Dec 03, 2025 07:05:00 -0500 by Nate Wolf | #Retail #Earnings Report

The company beat consensus earnings forecasts and lifted its fiscal-year outlook.  (Daniel Acker/Bloomberg)

Key Points

Dollar Tree stock rose Wednesday after the low-cost retailer reported better-than-expected quarterly earnings as cash-strapped consumers hunted for value.

Adjusted earnings came in at $1.21 a share for its fiscal third quarter, above analysts’ consensus estimate of $1.09. Sales totaled $4.7 billion, in line with Wall Street’s forecasts.

Comparable-store sales, stripping out the Family Dollar business, which Dollar Tree sold in July, rose 4.2% from the prior year. Analysts had anticipated growth of 4.1%.

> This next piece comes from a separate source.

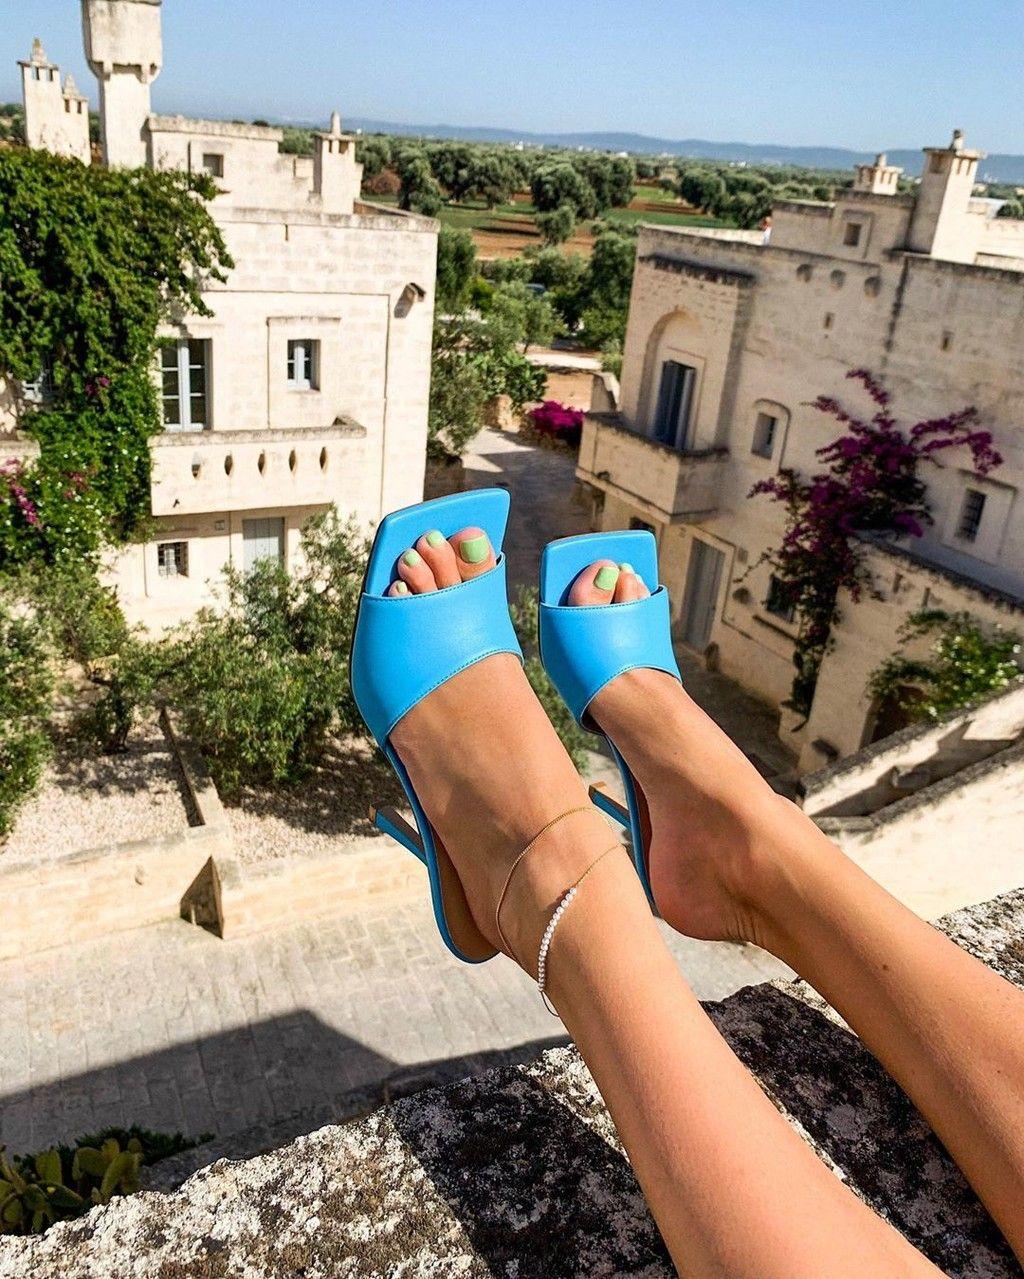 Clonados Y Pillados Bottega Veneta Y Sus Mules Más Famosas Ya Tienen Un Nuevo Clon En Topshop Topshop Estilo De Zapatos Tendencias Ropa

The company now expects per-share adjusted earnings of $5.60 to $5.80 for the fiscal year, up from a previous forecast of $5.32 to $5.72.

Dollar Tree rose 2.1% in premarket trading Wednesday. Shares were up 45% this year as of Tuesday’s close, buoyed by shoppers across the income spectrum looking for value. Fellow discount retailer Dollar General gained 0.6%.

Like Dollar General, Dollar Tree has been gradually implementing a so-called multiprice strategy, meaning that items are sold at various price points rather than the staple $1. While there were some concerns that shifting away from the dollar strategy could alienate some consumers, that hasn’t happened. In fact, selling products at a slightly higher price has offset tariff costs and helped dollar stores’ margin growth.

And with about 85% of Dollar Tree’s products still costing $2 or less, the company has continued to gain market share and relevance with its “solid lineup of consumable and discretionary items,” wrote Michael Montani, an analyst at Evercore ISI, on Wednesday. He rates the stock In Line.

Bernstein analyst Zhihan Ma, however, still isn’t convinced that the price increases won’t erode Dollar Tree’s “unique moat and value proposition” in the months to come. She also notes that the company still faces challenges.

“The real test comes when many one-time tailwinds (e.g., trade in, price increases, the benefit of Party City’s closure and Temu’s pullback) dissipate next year,” she wrote on Wednesday. She rates the stock at Market-Perform.